Because all of what I say herein is a matter of court record, grievances and sworn testimony made in earlier proceedings, I include by reference those records in the following actions as offers of proof for this grievance.

Kitsap County Superior Court case numbers; all against lawyers/gov. and dismissed under court rule.
1. 08-2-02882-0
2. 09-2-00660-3
3. 12-2-02161-1
4. 14-2-00042-3
5. 14-2-00474-7
Court of Appeals II case numbers: all against lawyers/gov. one reversed in part on sanctions, others upholding dismissal.
1. 387816
2. 397498
3. 425912
4. 454351
WA Supreme Court case numbers: all against lawyers, dismissed under court rules.
1. 848149
2. 848971
3. 857164
4. 876592
5. 879672
6. 902887
US District Court, Western Washington case number – against lawyers and judges, dismissed.
1. 3:2012cv05996
Ninth Circuit Court of Appeals case number, presently under review.
1. 13-35119
Grievances filed with the WA State Bar and dismissed.
12-00015, 12-00018, 12-00037, 12-00038, 12-00039, 12-00045, 12-00101
12-00102, 12-00151, 12-00258, 12-00259, 12-00264, 12-00280, 12-00285
12-00286, 12-00287, 12-00288, 12-00290, 12-00455, 12-00493, 12-00533
12-00536, 12-00650, 12-00698, 12-00721, 13-00546, 13-02125, 13-02309
14-00061, 14-00096, 14-00713
Past grievances filed with the WA State Commission on Judicial Conduct and dismissed.
7186, 7584, 7410, 7467. Note: other grievances are anticipated to be filed and additions to this list updated.

I declare under penalty of perjury under the laws of the State of Washington that the foregoing is true and correct: See GR 13(b)

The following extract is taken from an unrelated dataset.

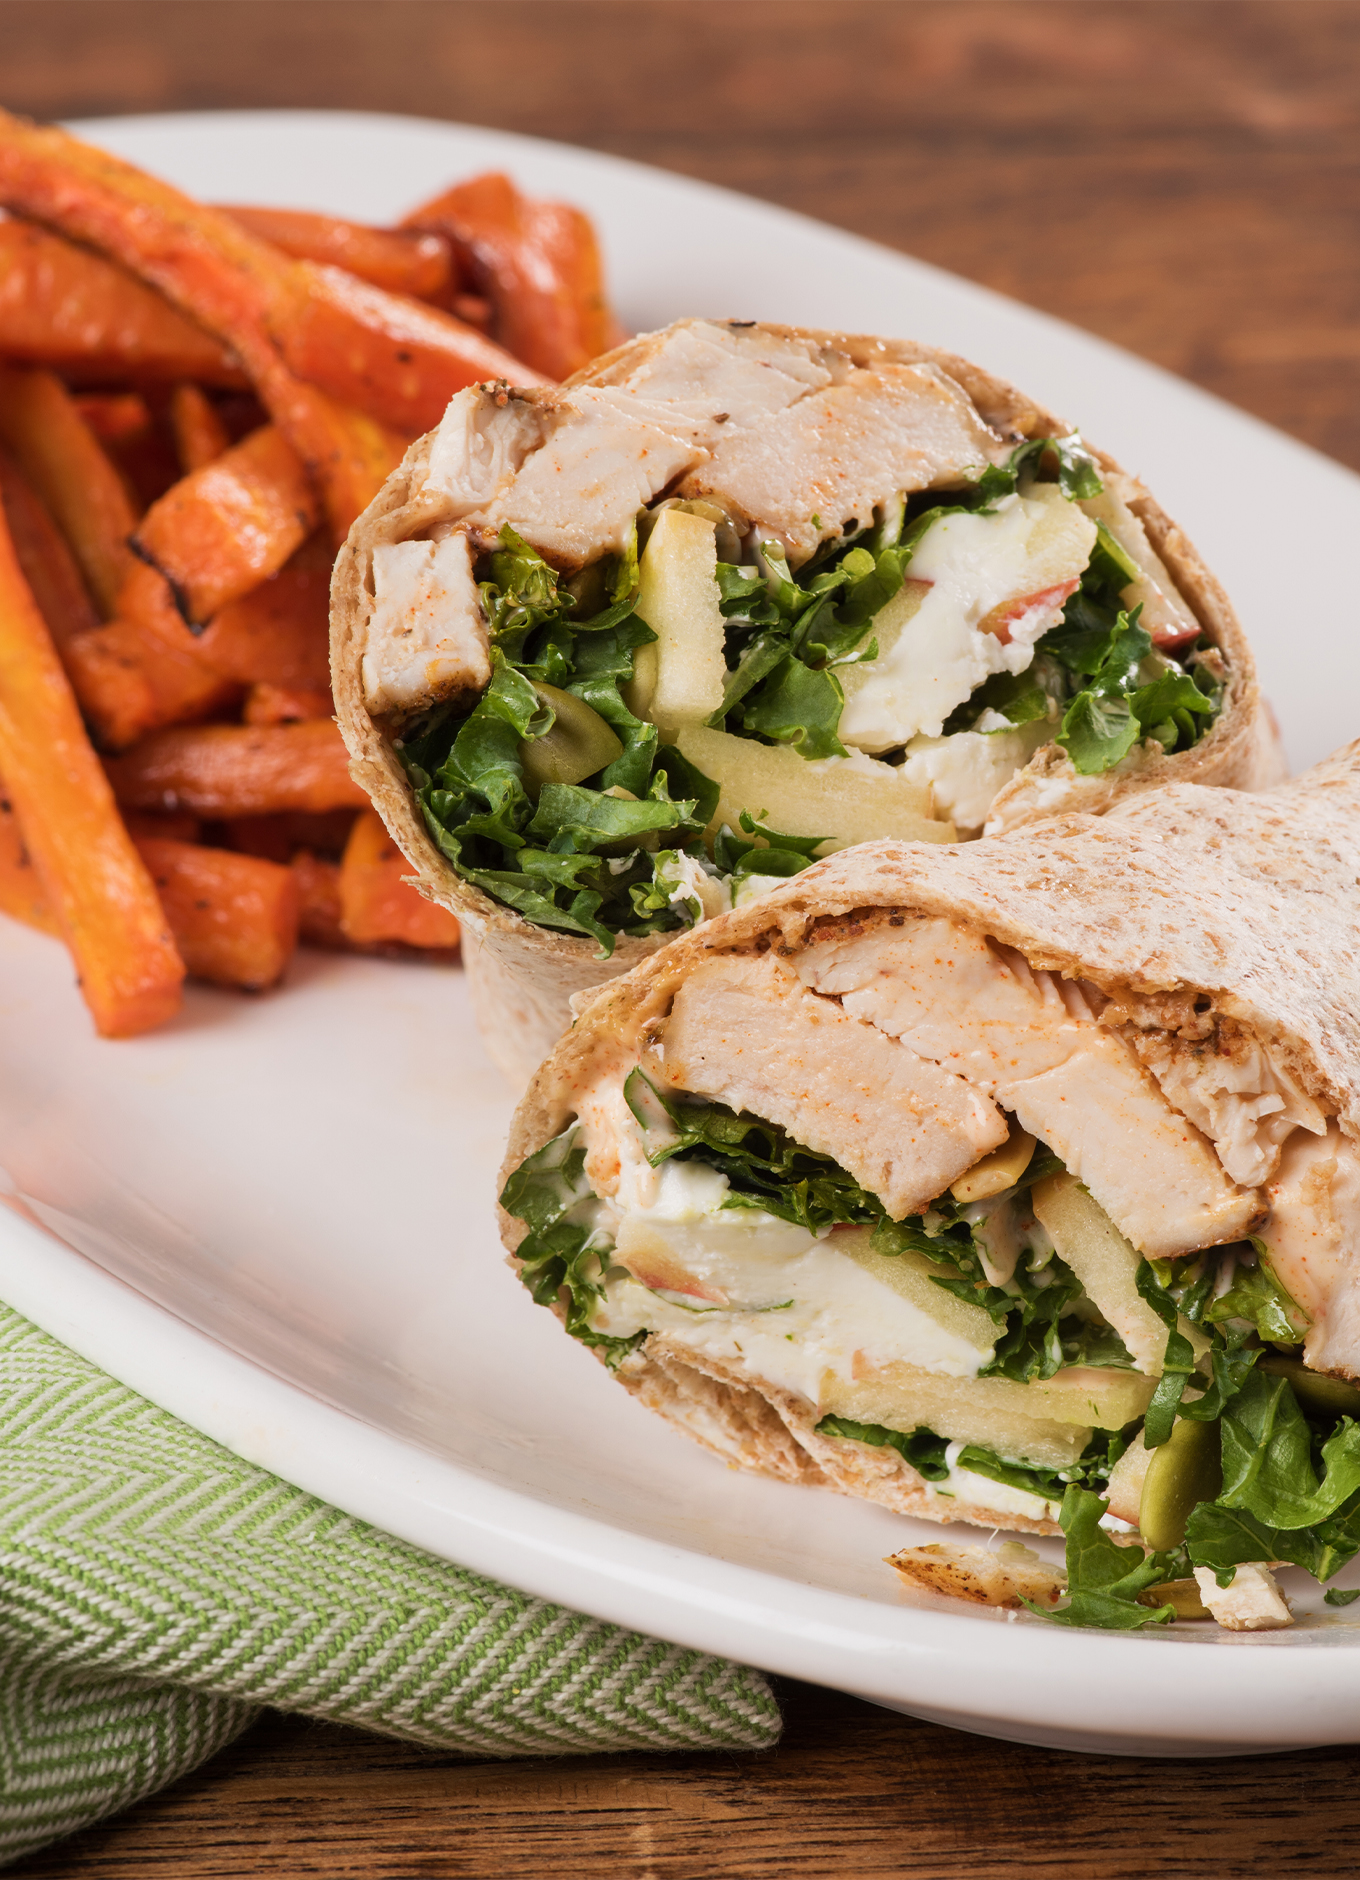 A cross section of a Spiced Chicken Wrap with a side of roasted carrot fries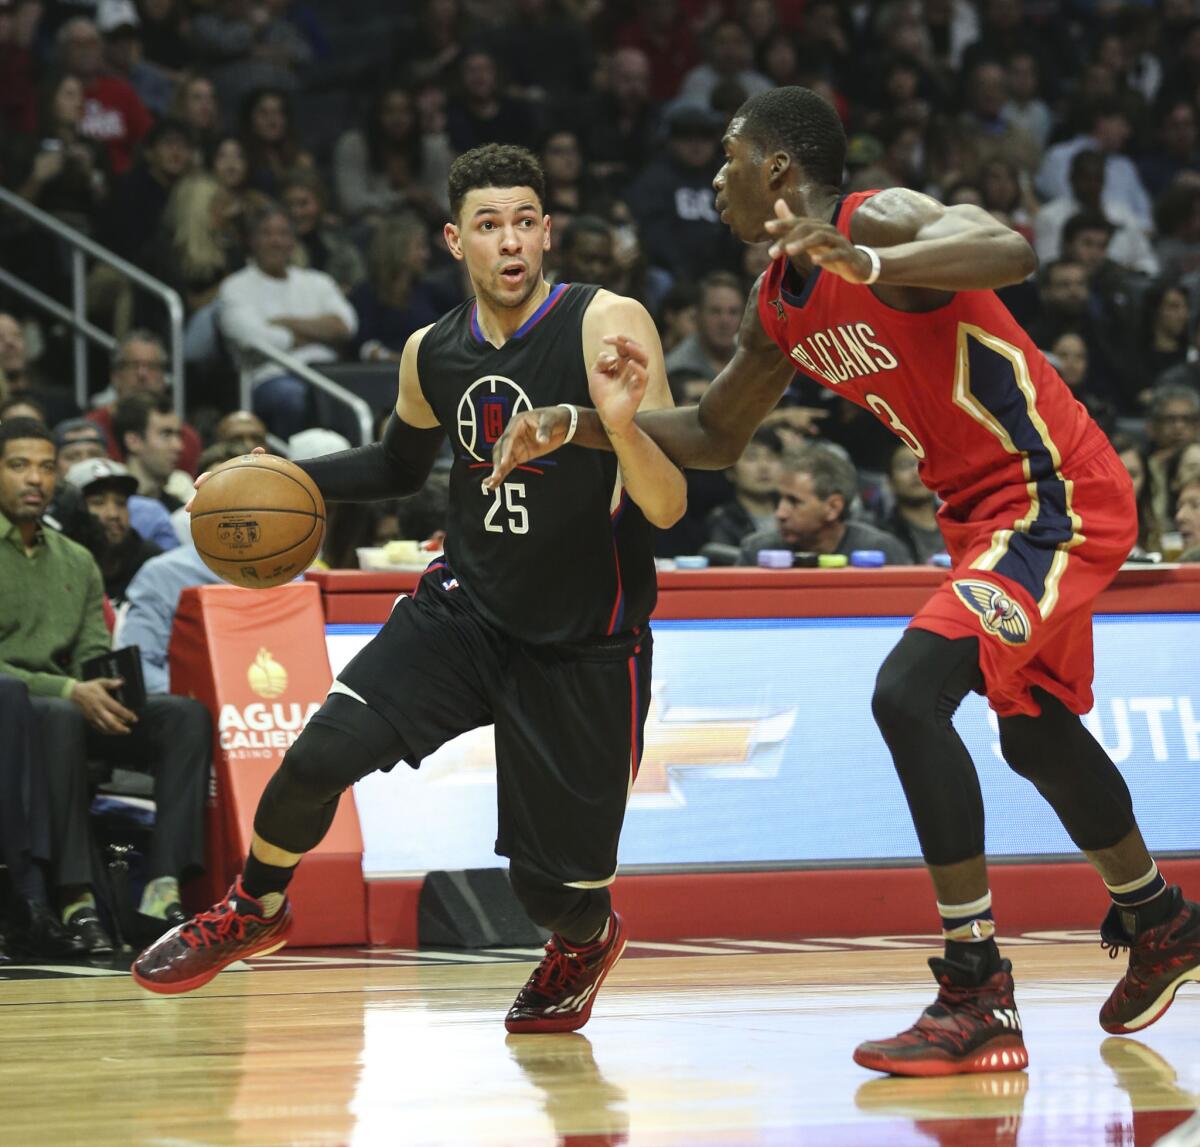 Clippers guard Austin Rivers drives against New Orleans forward Cheick Diallo on Saturday in a game in which he suffered a concussion.

September 24, 2014, Port Orchard, WA _____//Bill Scheidler_________________

3 Comments

  • Dr. Charles W. Heckman:

    There are long-standing grievances against the Washington State Supreme Court from veterans of the Vietnam War and later conflicts because the court has consistantly refused to review the decisions based on the precedent set by the Washington State Court of Appeals, Division 1, in Seattle in the case Mitchell v. Board of Industrial Insurance Appeals (2001). Mitchell did not appeal his decision, but several other veterans did. Certiorari was denied in every case. This decision made Washington the first state in the Union to declare veterans’ preference unconstitutional. The results can be seen at freeway exits and shopping center entrances all over the state, where veterans must beg for quarters to eat.

  • ann dorian masotti:

    Bill, your model here can and should be used for those Grievances for every State in the Nation. Too often the obvious nepotism and collusion among certain attorneys and judges is all too blatant, and as Dr. Hackman aptly stated, refusal to review the decisions resulted in denial to be heard. This is unconstitutional. Our democracy is/has given way to demogagary and has to be stopped. Our rights are being ignored and discarded. New York is as bad….we have a Governor who would be KING, not President which he so avidly is pursuing.

    Continued Courage Bill….let’s get this out on the Internet.